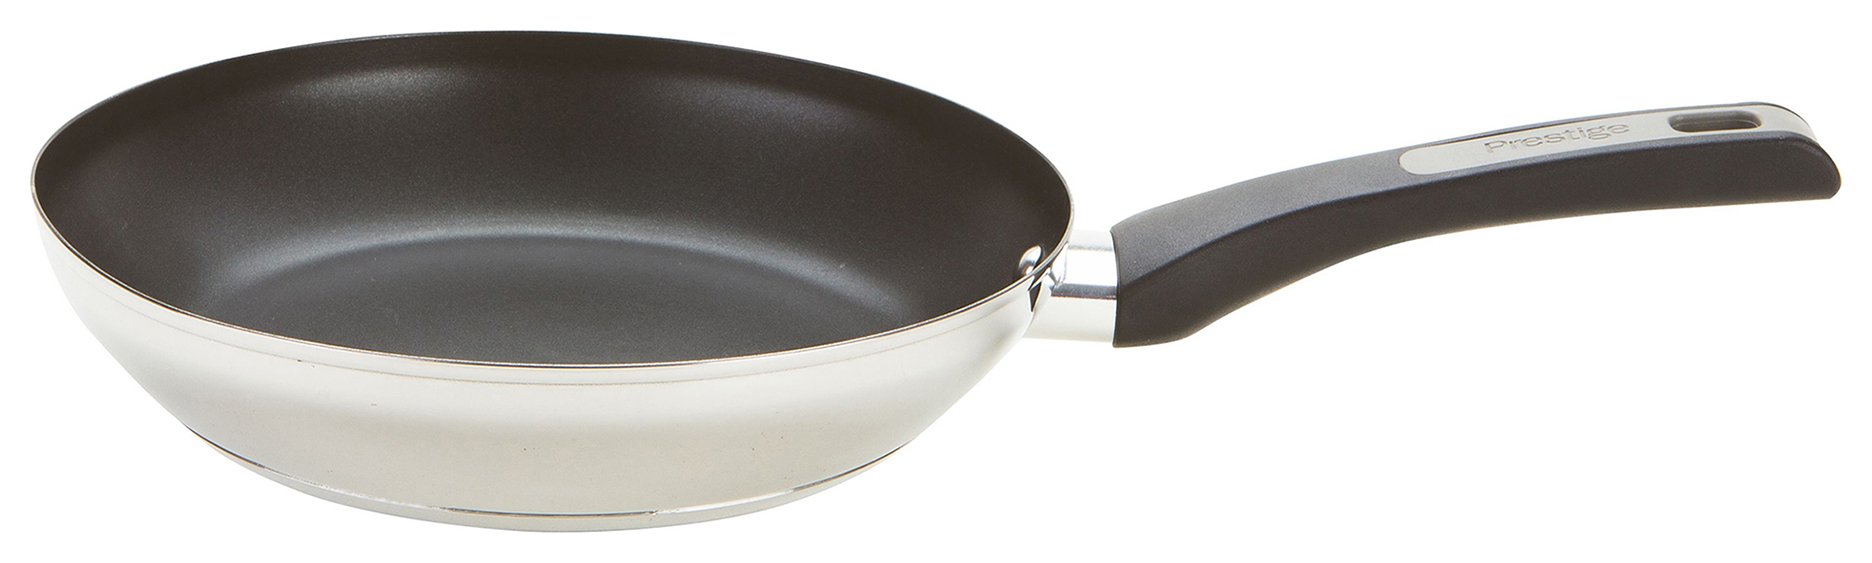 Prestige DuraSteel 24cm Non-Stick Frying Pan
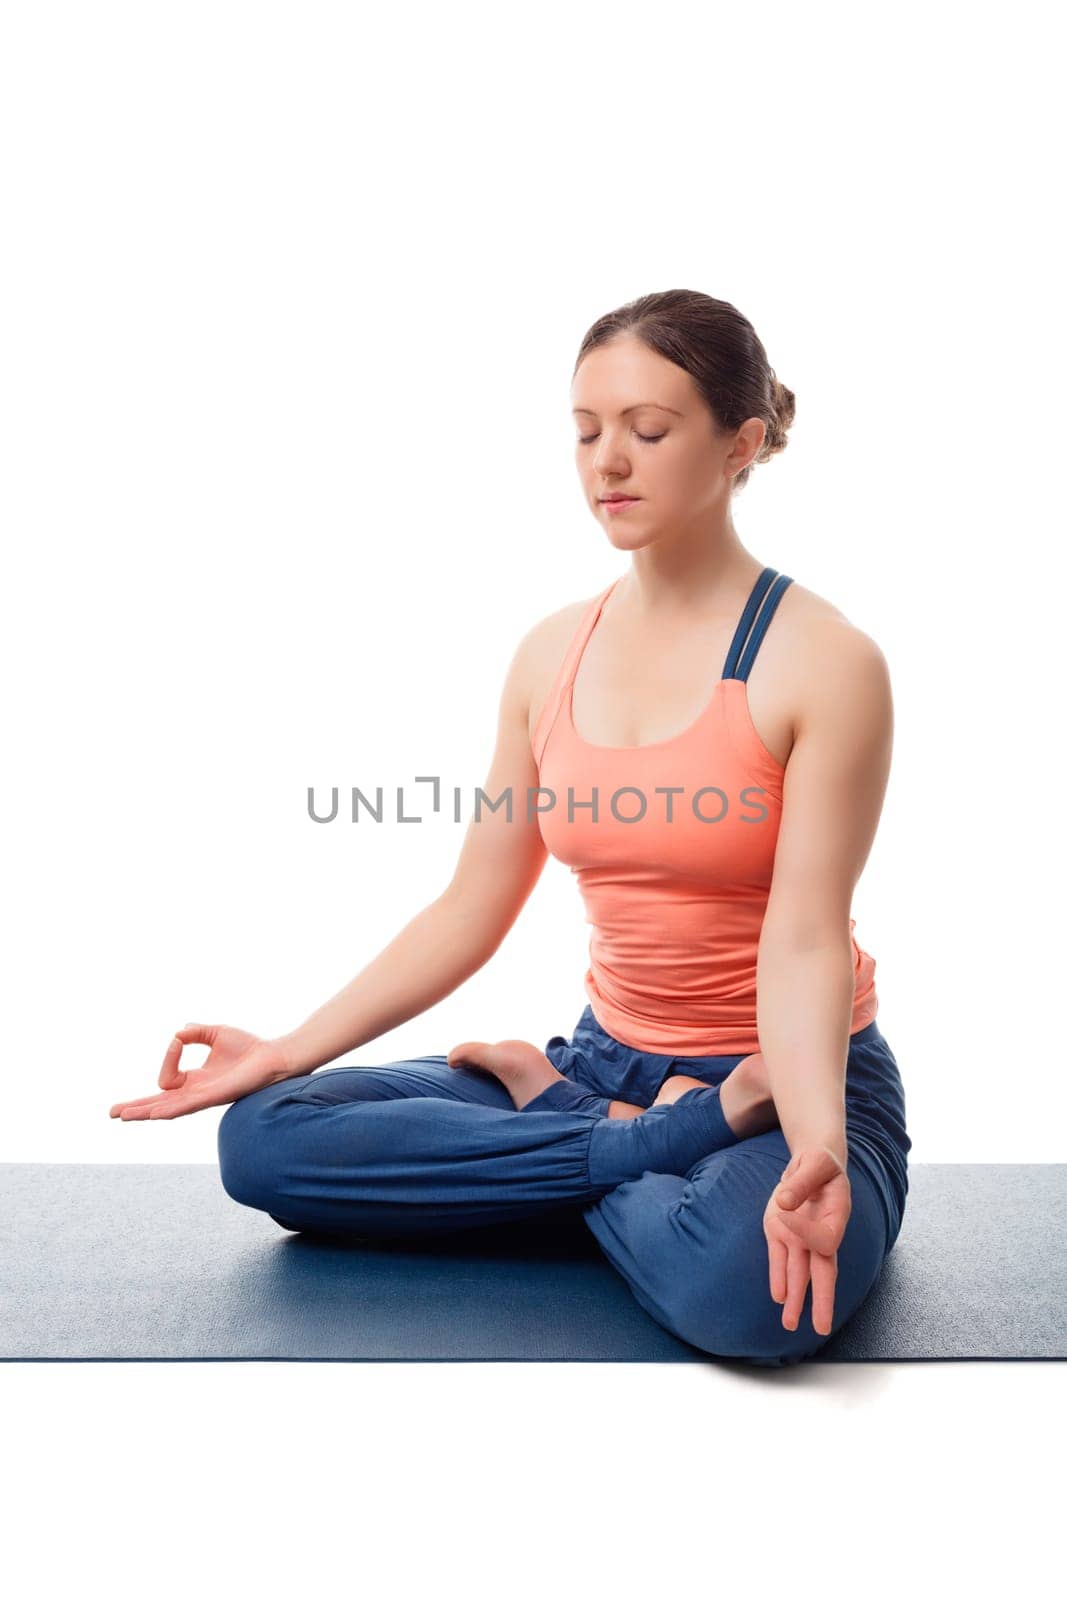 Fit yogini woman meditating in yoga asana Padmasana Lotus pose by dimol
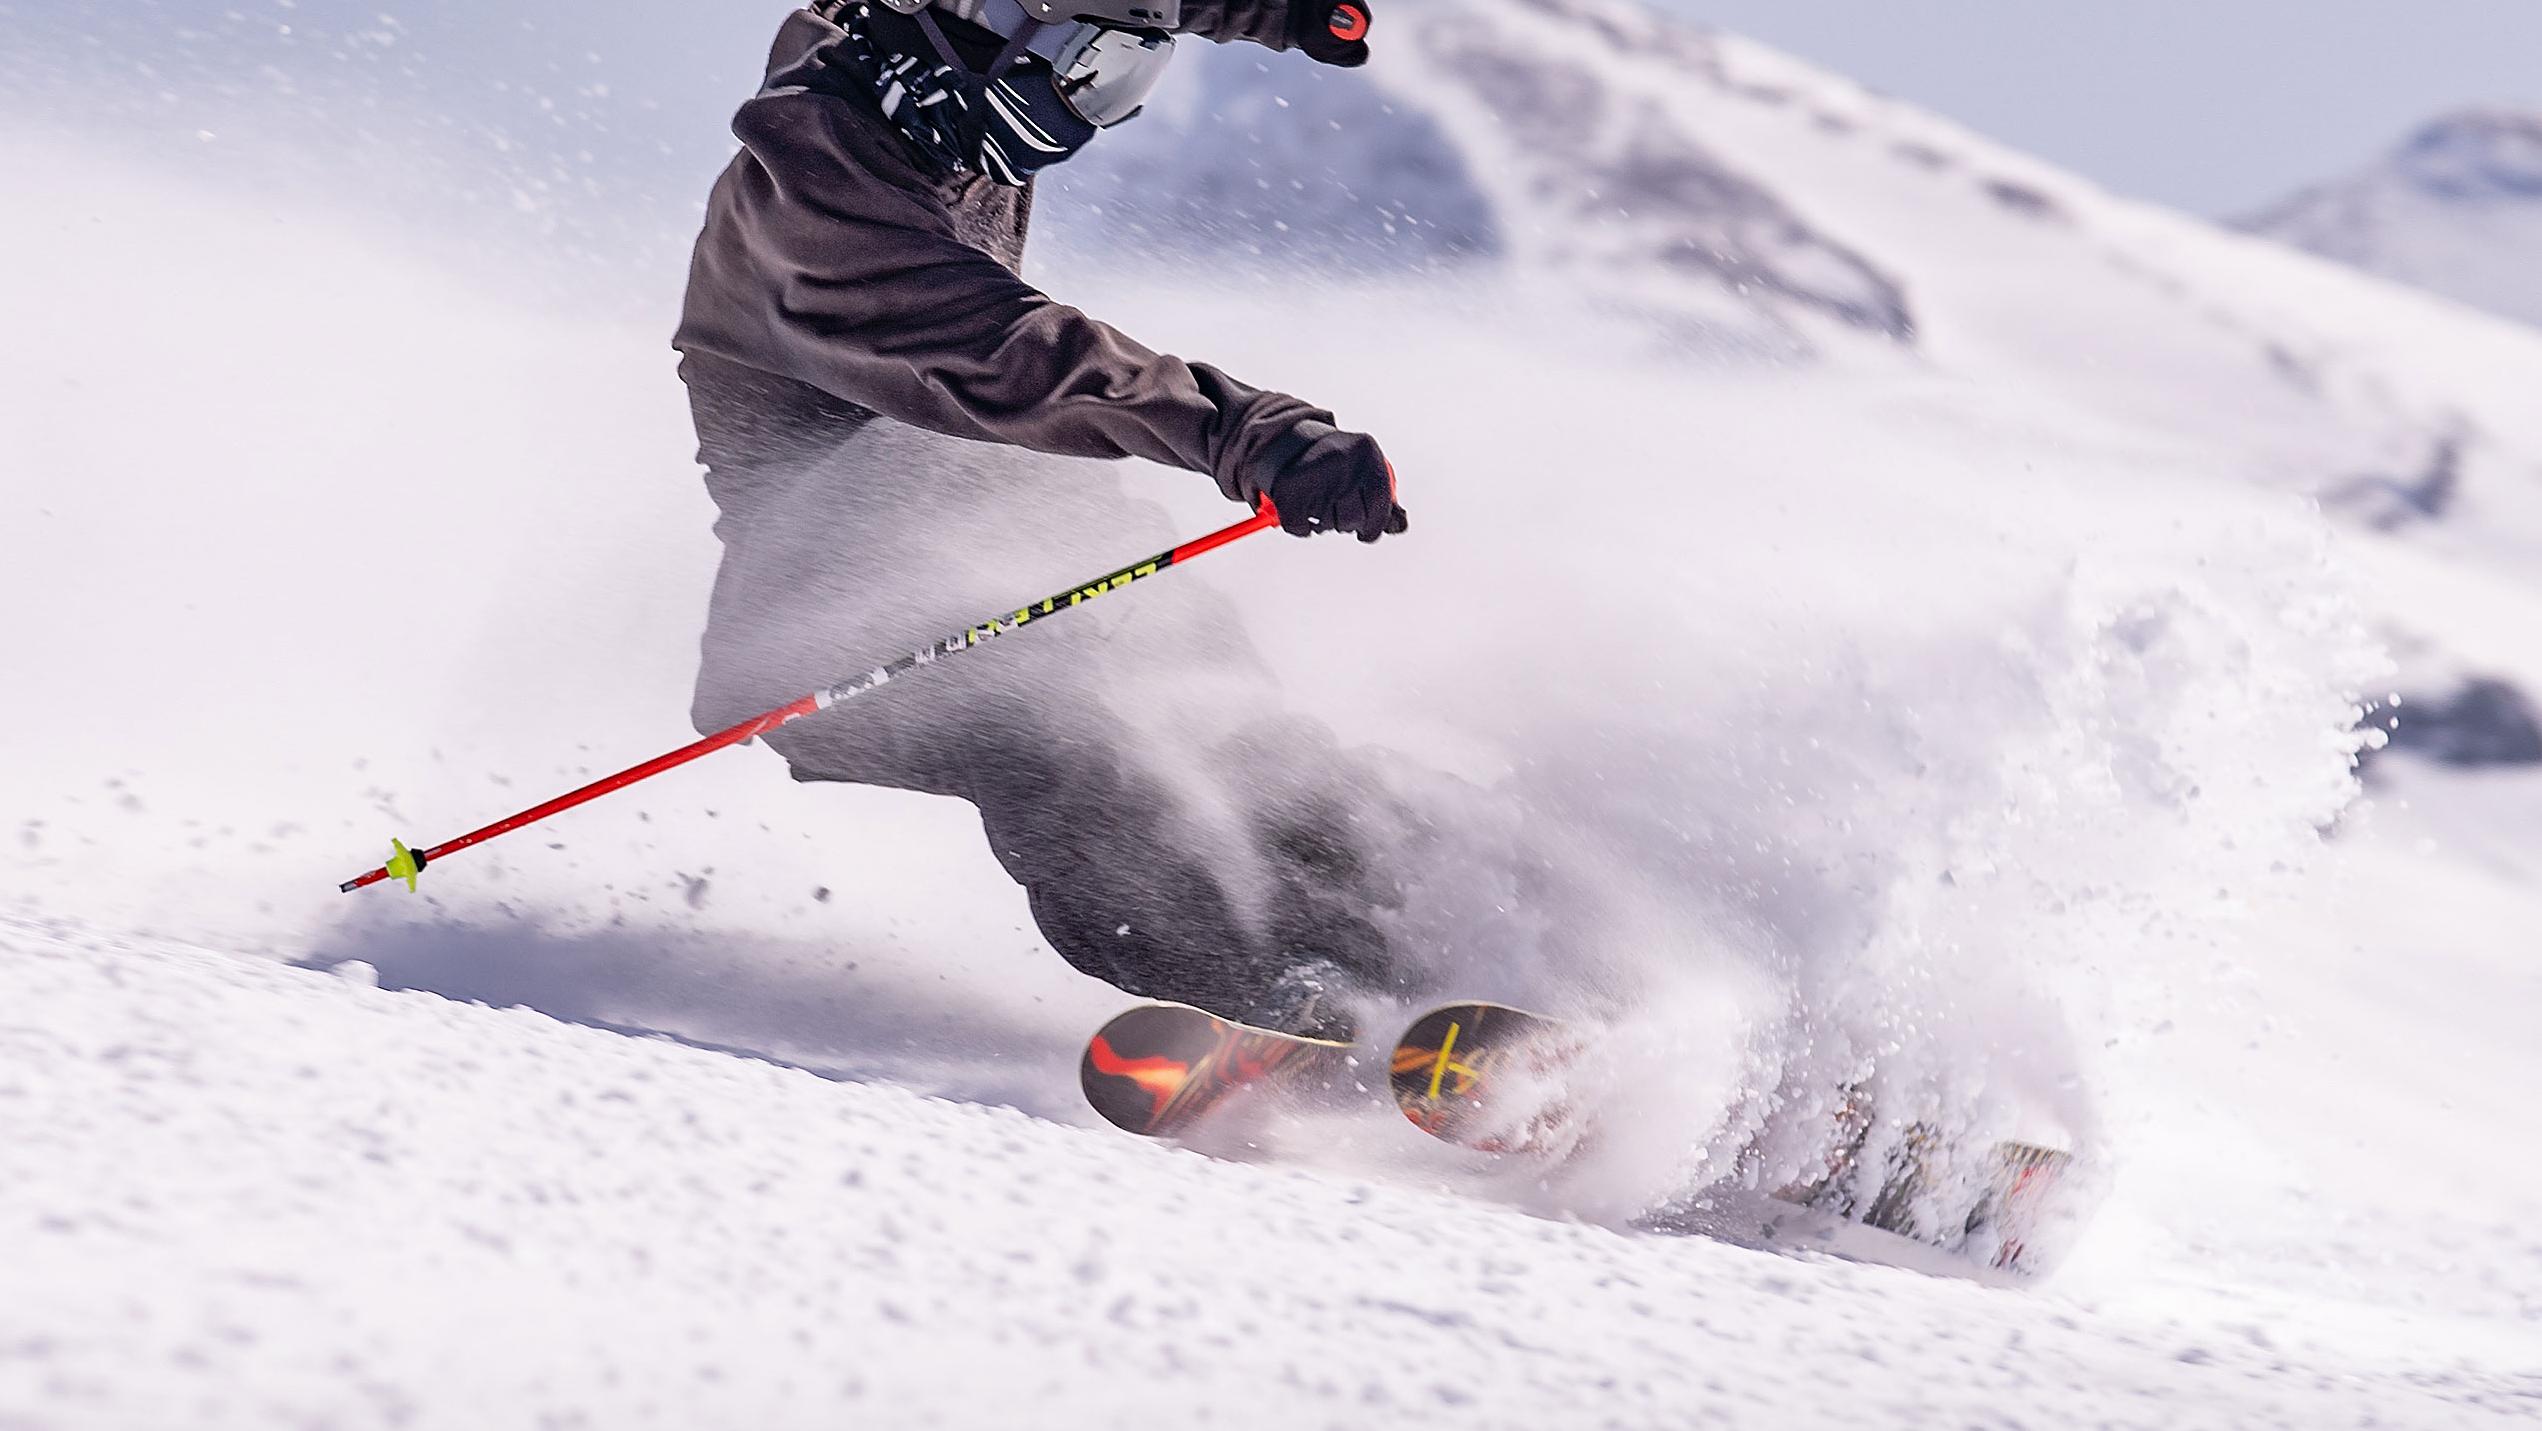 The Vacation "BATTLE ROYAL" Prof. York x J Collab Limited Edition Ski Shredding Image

= What to produce =
After locating the line that contains "Fit yogini woman", output it and all later lines through the end of the material exactly, leaving out pictures.

= Answer area =
 Fit yogini woman meditating in yoga asana Padmasana Lotus pose by dimol
 The Vacation "BATTLE ROYAL" Prof. York x J Collab Limited Edition Ski Shredding Image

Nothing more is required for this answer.